Conference: ICLR 2026
OpenReview: https://openreview.net/forum?id=6bthH14pD8
Code: https://github.com/HeewoongNoh/IR-Agent
Area: LLM Agent / AI for Science (Spectroscopic Analysis)
Keywords: Multi-agent framework, Infrared spectra, Molecular structure elucidation, SMILES, Retrieval-augmented generation, Expert workflow simulation

TL;DR¶

The expert workflow for interpreting infrared (IR) spectra is decomposed into three specialized LLM agents: one identifies local functional groups via absorption tables, another retrieves similar spectra for global backbones, and the third integrates reasoning to rank candidate structures. It outperforms single-model and single-agent approaches on real experimental IR spectra and incorporates additional chemical information without retraining.

Background & Motivation¶

Background: Infrared spectroscopy is a primary screening method for identifying unknown substances in laboratories due to its efficiency and accessibility. However, unlike Mass Spectrometry (MS) or Nuclear Magnetic Resonance (NMR), IR does not directly provide molecular weight or stoichiometry, making interpretation highly dependent on expert experience. Existing machine learning methods are mostly limited to coarse-grained tasks like "functional group classification." The few attempts at complete structure elucidation (SMILES generation) either rely on Transformers with known chemical formulas or use reinforcement learning. These works feature fixed input formats and poor scalability, requiring model redesign and retraining to incorporate new chemical information (e.g., atom types, carbon counts).

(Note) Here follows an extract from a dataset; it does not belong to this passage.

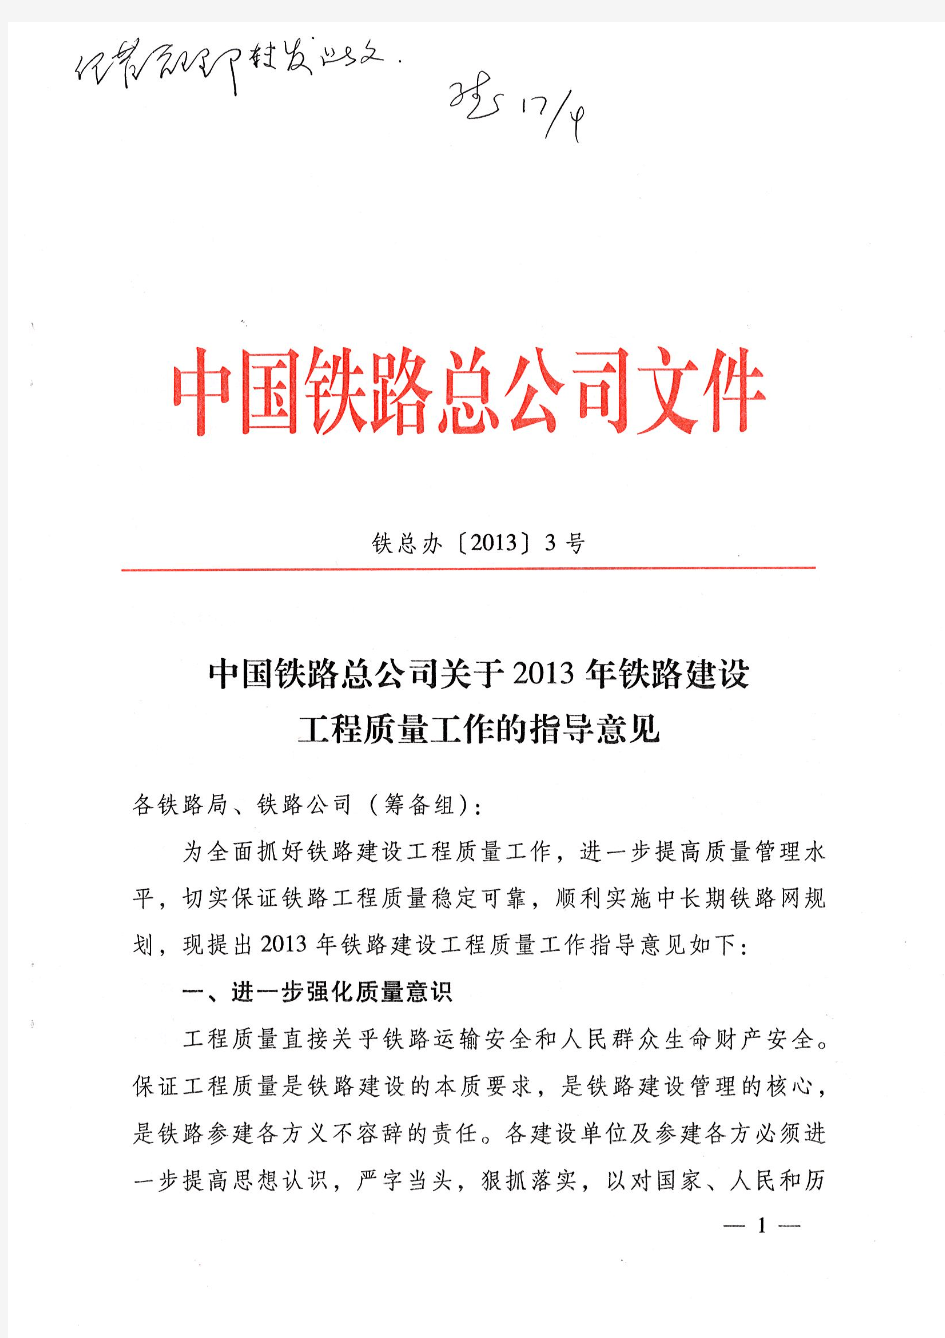 铁总办中国铁路总公司关于2013年铁路建设工程质量工作的指导意见【2013】3号文
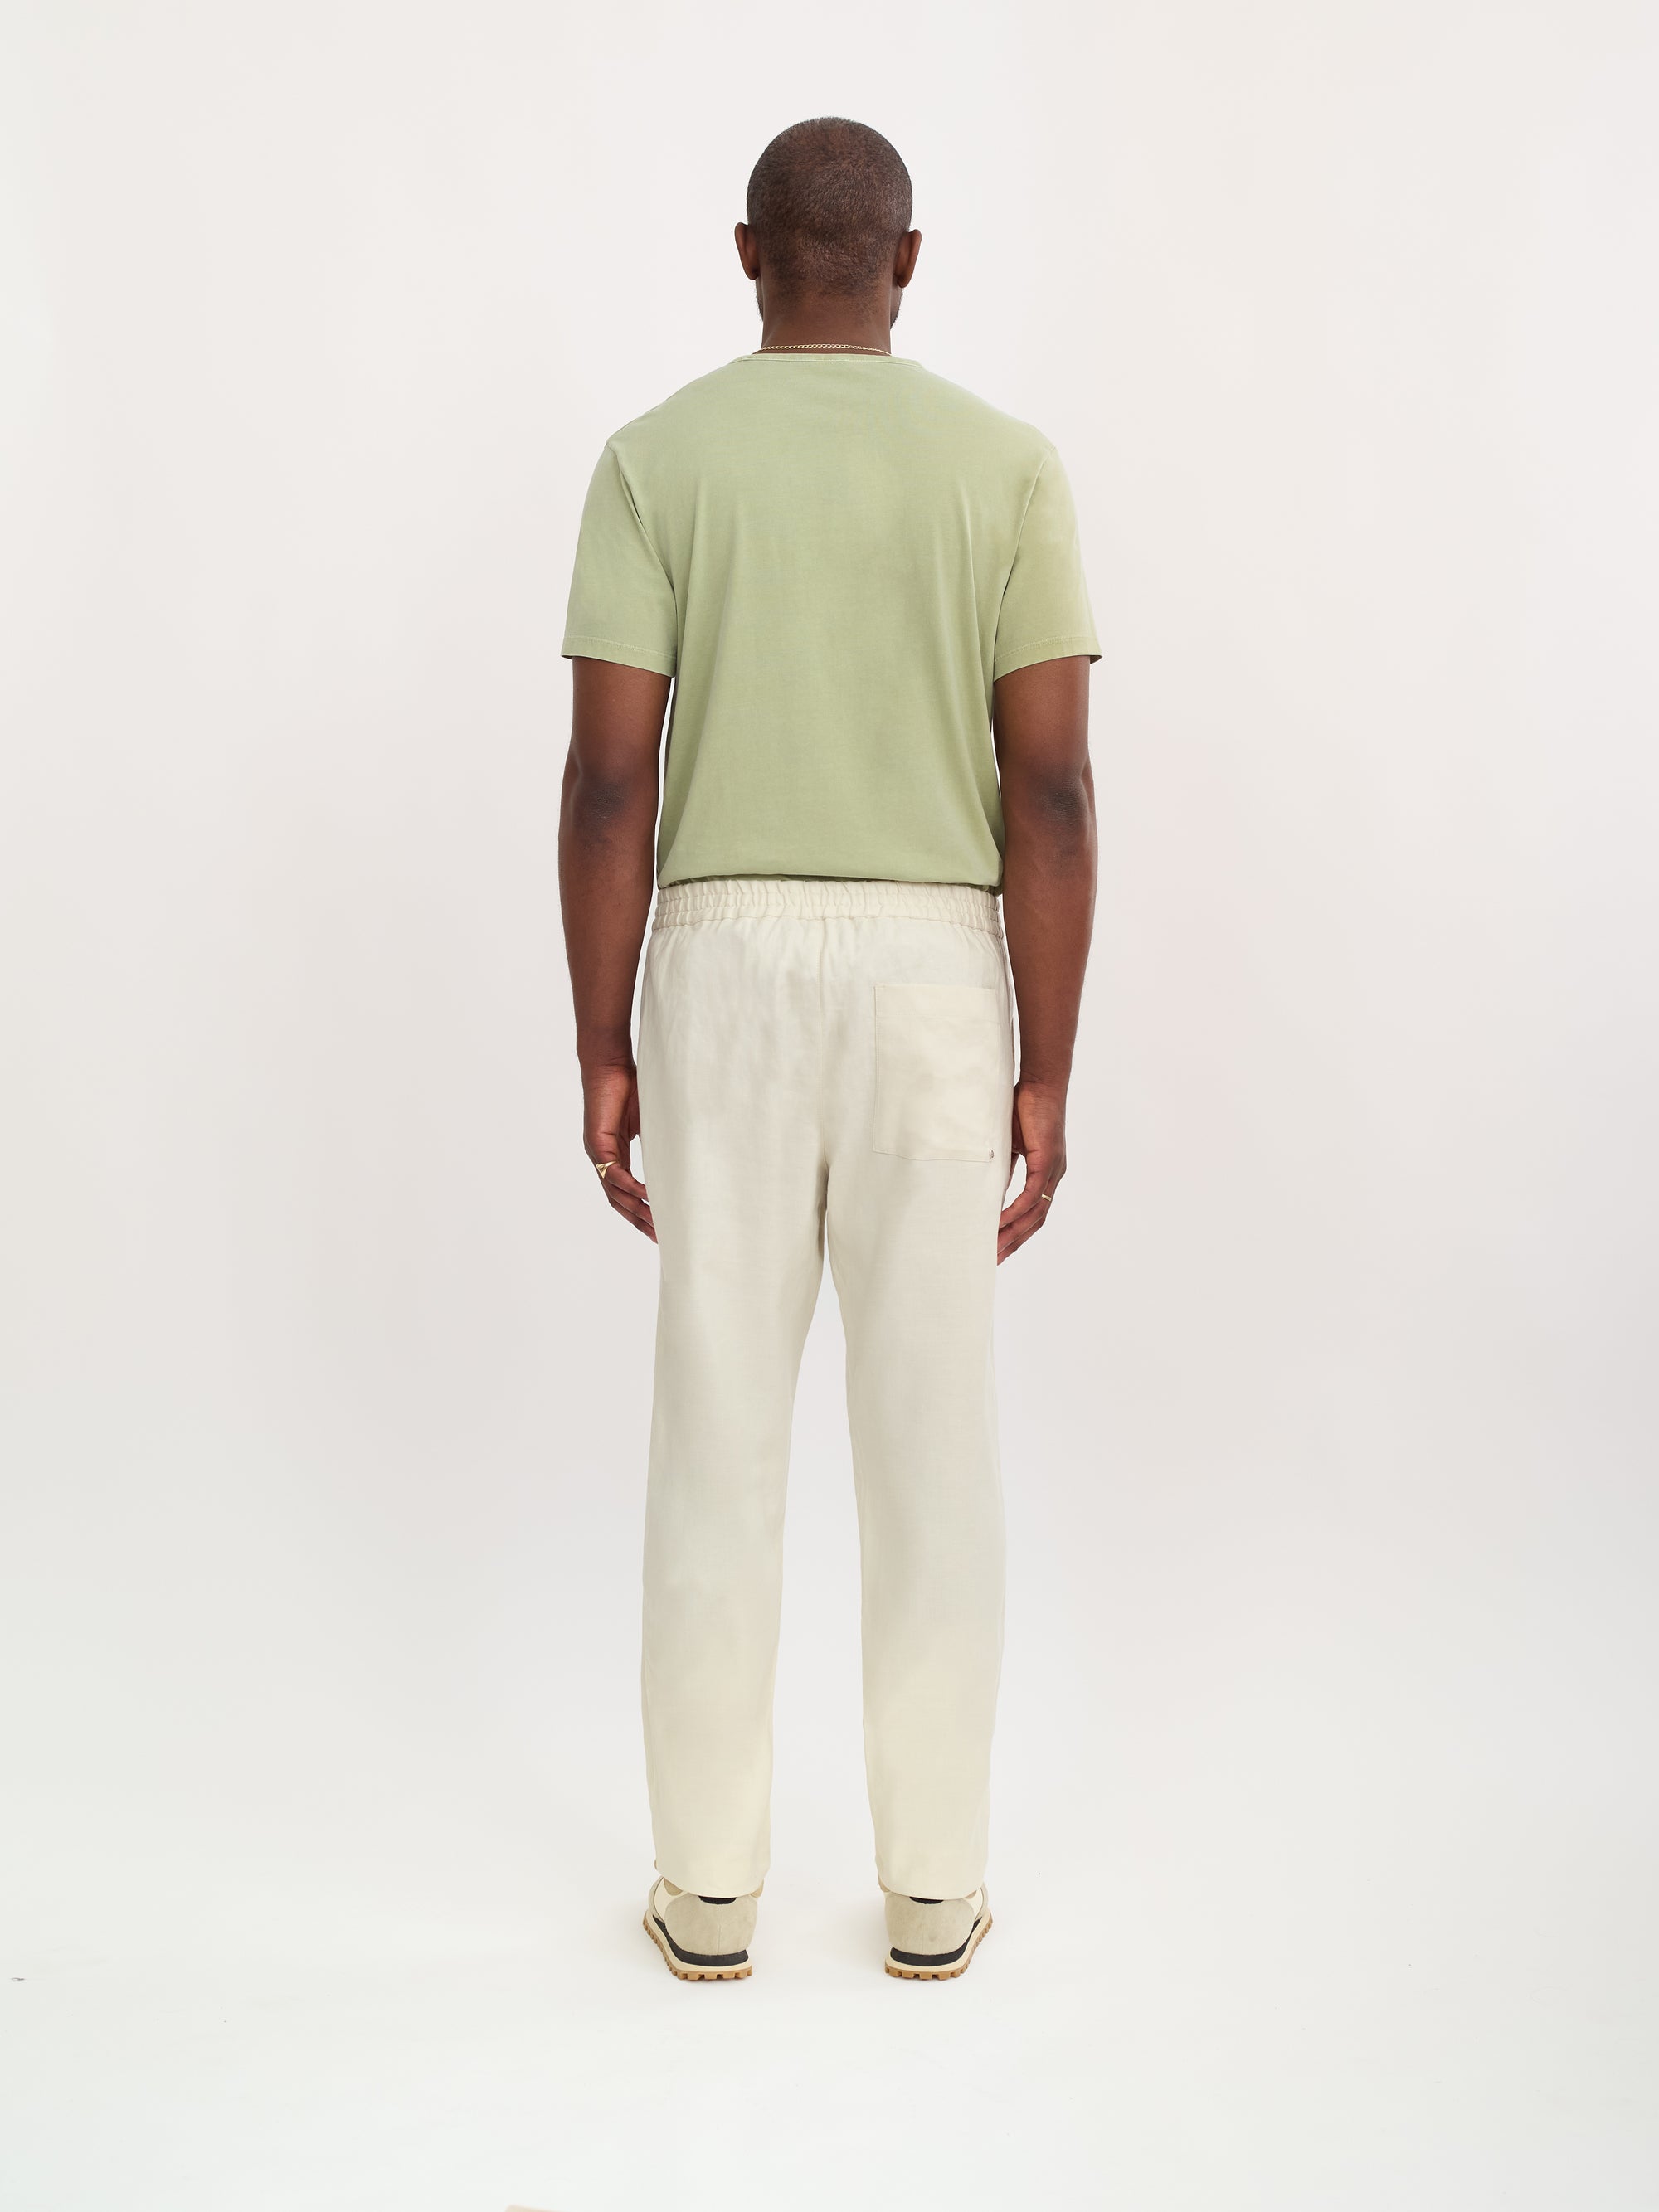 The Easy Trouser || Ivory | Linen

Limitations of Prior Work: (1) Practical IR interpretation involves various scattered chemical clues that existing models cannot flexibly absorb; (2) Precise chemical formulas are often unavailable in real scenarios, yet many SOTA methods assume them as known, which is unrealistic; (3) Requiring a single LLM to perform "table interpretation + similarity retrieval + integrated reasoning" leads to suboptimal information extraction and incomplete reasoning due to excessive cognitive load.

Key Challenge: IR interpretation requires both fine-grained local knowledge (peak-to-functional group mapping via absorption tables) and global structural context (skeletons from similar compounds). A single model struggles to balance both while remaining extensible.

Goal: Build a structure elucidation framework that simulates expert analysis and is inherently scalable, predicting complete SMILES using only IR spectra (without assuming chemical formula availability).

Core Idea (Expert Workflow Decomposition + Multi-agent Collaboration): The two information pathways used by experts—"consulting IR tables for local substructures" and "searching spectral libraries for global backbones"—are assigned to specialized agents. A third agent then integrates their outputs for comprehensive reasoning and ranking. Additional chemical information is appended as natural language in prompts, requiring no new agents or retraining. This is the first work to apply a multi-agent LLM framework to IR-based molecular structure elucidation.

Method¶

Overall Architecture¶

IR-Agent first uses a Transformer translator to decode \(K\) initial SMILES candidates \(C\) from the target IR spectrum (via beam search) as "seeds." Subsequently, three expert agents collaborate: the TI Expert (Table Interpretation) extracts local substructures, the Ret Expert (Retriever) identifies global backbones, and the SE Expert (Structure Elucidation) integrates findings to produce a Top-K ranking. Each agent combines an "off-the-shelf LLM + specialized tools," where tools handle precise numerical/retrieval tasks and the LLM handles chemical reasoning.

graph LR
    X[Target IR Spectrum X] --> T[IR Spectra Translator<br/>Transformer Beam Search]
    T -->|SMILES Candidates C| TI
    T -->|SMILES Candidates C| SE
    X --> PA[IR Peak Table Assigner<br/>+ IR Absorption Table]
    X --> RT[IR Spectra Retriever<br/>+ Spectral Library]
    PA --> TI[TI Expert<br/>Local Substructures]
    RT --> Ret[Ret Expert<br/>Global Backbone]
    TI -->|A_TI| SE[SE Expert<br/>Integrated Reasoning]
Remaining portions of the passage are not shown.